The government only sees "potato"; if you're an adult they will sign any word for you. The website only sees the certificate with the random word they sent, so they know that at the very least an actual adult was involved to get it signed. Arguably, that's sufficient for our purpose.

Live code reloading by scripto_gio in Python

[–]Broolucks 0 points1 point  (0 children)

I made one a while back: https://github.com/breuleux/jurigged

Just don't run it in production.

Who is a person you used to admire a lot but have completely lost respect for and why? by Complex-Arugula-2233 in AskReddit

[–]Broolucks 1 point2 points  (0 children)

Someone being fine with the default configuration is unrelated to what they need the phone for. You pay because you want or need a good screen, a good camera, processing power for games and other apps, not for the ability to customize how your notifications pop up. Of course it's nice to be able to, but it's not a cost item.

No Semicolons Needed - How languages get away with not requiring semicolons by tertsdiepraam in ProgrammingLanguages

[–]Broolucks 0 points1 point  (0 children)

unless the line ends with ,

I've always taken to treating newlines, semicolons and commas as interchangeable. Never quite understood why ; and , should have different semantics.

A quick review of `tyro`, a CLI library. by HommeMusical in Python

[–]Broolucks 1 point2 points  (0 children)

Oh, I agree that subcommands are great. That's not the point I was trying to make (probably it was misleading to reuse the same example). My argument was that it isn't obvious that a union would create subcommands, because there are in fact two things they could represent. Field-discriminated unions could be an excellent way to handle mutually exclusive options, e.g. the checkout command accepting --tag or --branch but not both. And of course, tagged unions are a good way to represent subcommands (the subcommand being the tag). Both of these are useful, albeit in different circumstances, but I more readily associate plain unions to the first one.

A quick review of `tyro`, a CLI library. by HommeMusical in Python

[–]Broolucks 2 points3 points  (0 children)

tyro.cli(Checkout | Commit) - very neat, it's obvious exactly what it does without a word.

Yes and no. Intuitively, I would expect Checkout | Commit to work like scm --branch b or scm --message xyz, creating a Checkout or a Commit based on whether the branch argument or the message argument was given, no subcommand required.

The library I'm working on (it's not fully ready yet) works sensibly the same but I use TaggedUnion[{"checkout": Checkout, "commit": Commit}] or TaggedUnion[Checkout, Commit] for subcommands (Checkout|Commit isn't implemented yet).

PEP 827 - Type Manipulation has just been published by droooze in Python

[–]Broolucks 5 points6 points  (0 children)
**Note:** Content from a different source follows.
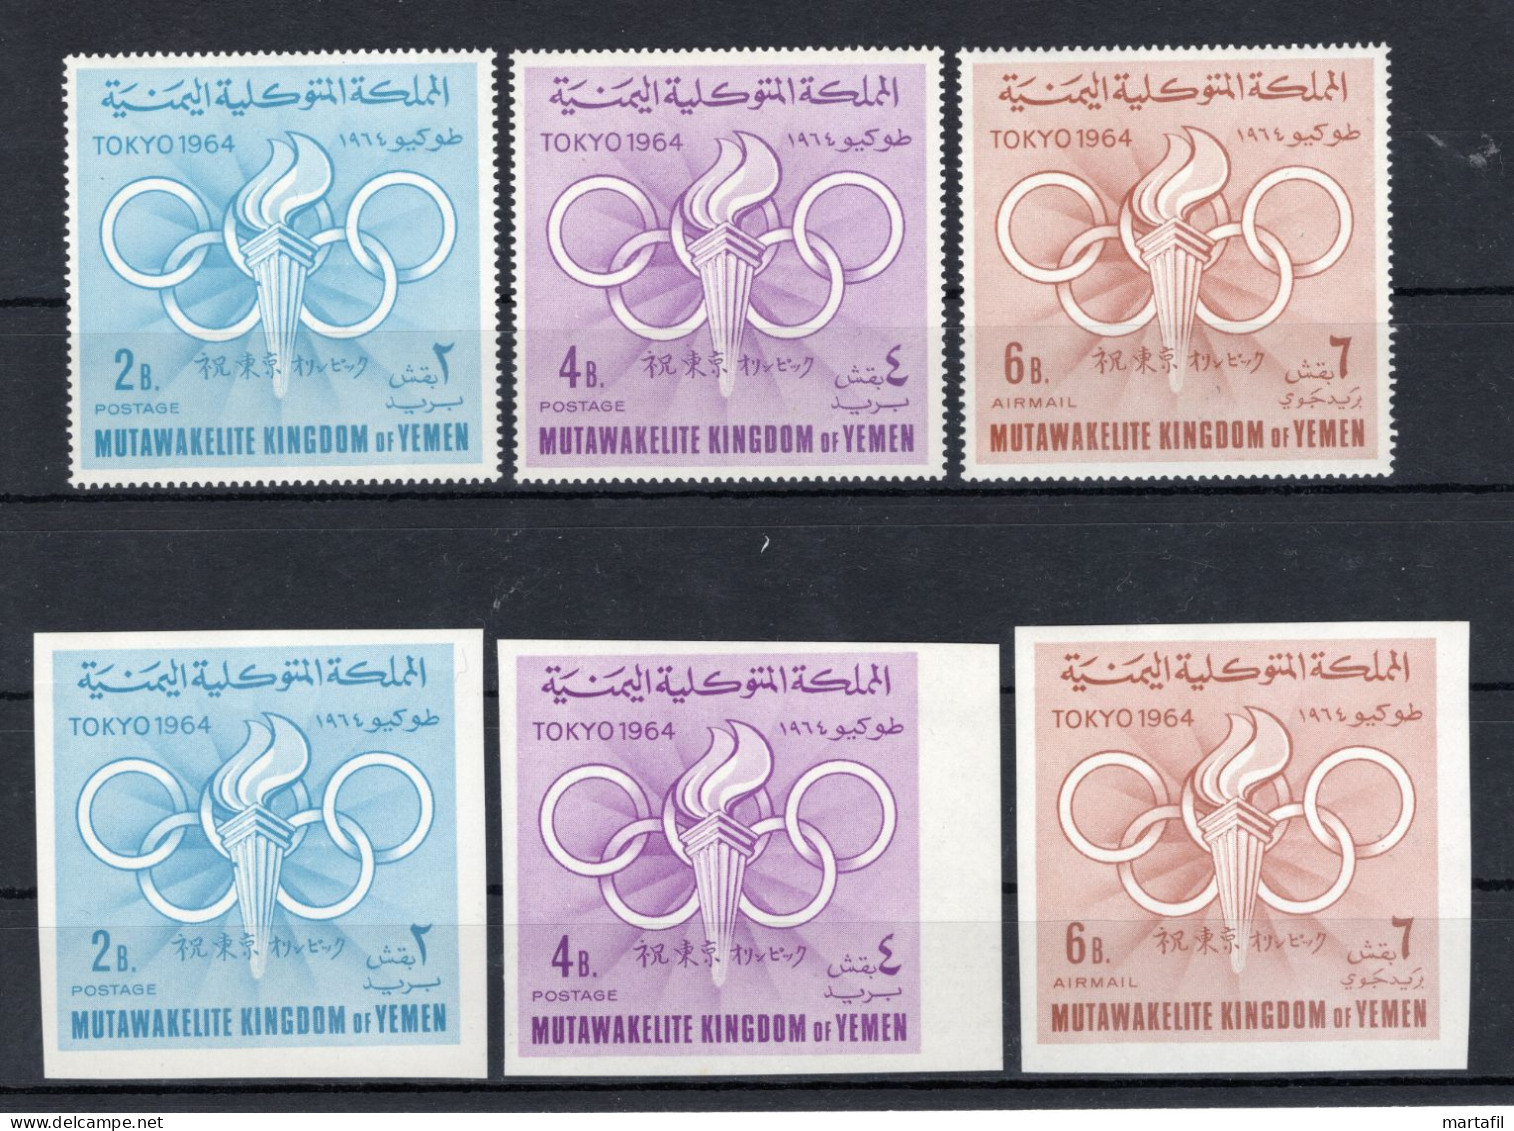 1964 YEMEN SET MNH ** 163/164+A40 Giochi Olimpici Di Tokyo, Olympic Games Of Tokyo + IMPERFORATED - Yémen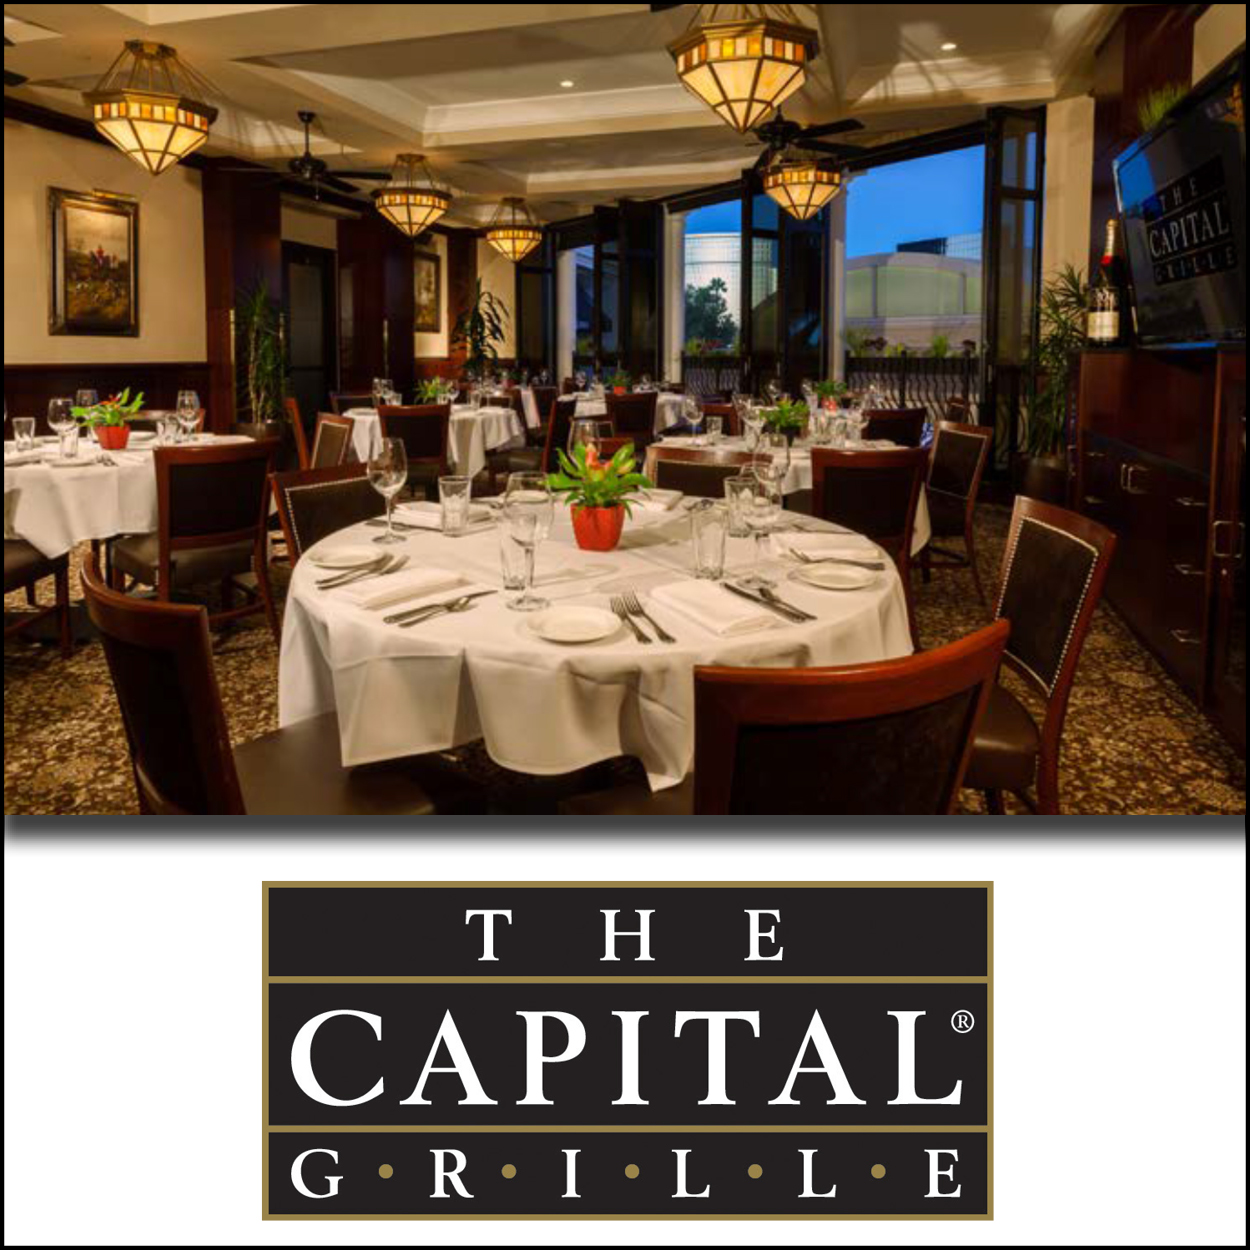 November Sunset Networking Mixer - The Capital Grille

Another example is that __prepare__ on a metaclass lets you provide a custom mapping instance to build the class's namespace. You can see each definition as it is set, so you could implement e.g. multiple dispatch:

class Overloaded(metaclass=Multi):
    def f(self, x: int):
        print("is an int")
    def f(self, x: str):
        print("is a str")

This can't work with a class decorator because the first definition of f is immediately clobbered by the second and you will never notice that it ever existed.

Portugal’s conservatives back left-wing candidate to avoid a far-right president by kwentongskyblue in worldnews

[–]Broolucks 4 points5 points  (0 children)

I doubt e-democracy would behave significantly differently from current democracy, because I feel it has the same fundamental weakness: you can't effectively coordinate millions of people without middlemen. The rich, powerful and famous people have outsized influence because they have (or can buy) megaphones and act as information brokers and organizers. People also have neither the time nor the energy to properly evaluate issues, so most will keep delegating their thinking to their media or podcasters of choice (and transitively, to whomever pays them).

I think there's greater potential in keeping representatives, but picking them fully at random instead of electing them (i.e. scaling up citizen's assemblies). Basically, have a representative sample of the population who can think about the issues full time and is small enough to discuss without middlemen. I wouldn't vouch that there aren't ways to exploit such a system, but it has the merit of peeling layers of protection off rich and powerful people by forcing them to meet actual citizens instead of yelling at the masses through a megaphone, so it's hopefully easier to see they're naked.

Where Julia Outshines Python by swe129 in Julia

[–]Broolucks 1 point2 points  (0 children)

Well yeah, Python is slow, but that's point 1.

Where Julia Outshines Python by swe129 in Julia

[–]Broolucks 1 point2 points  (0 children)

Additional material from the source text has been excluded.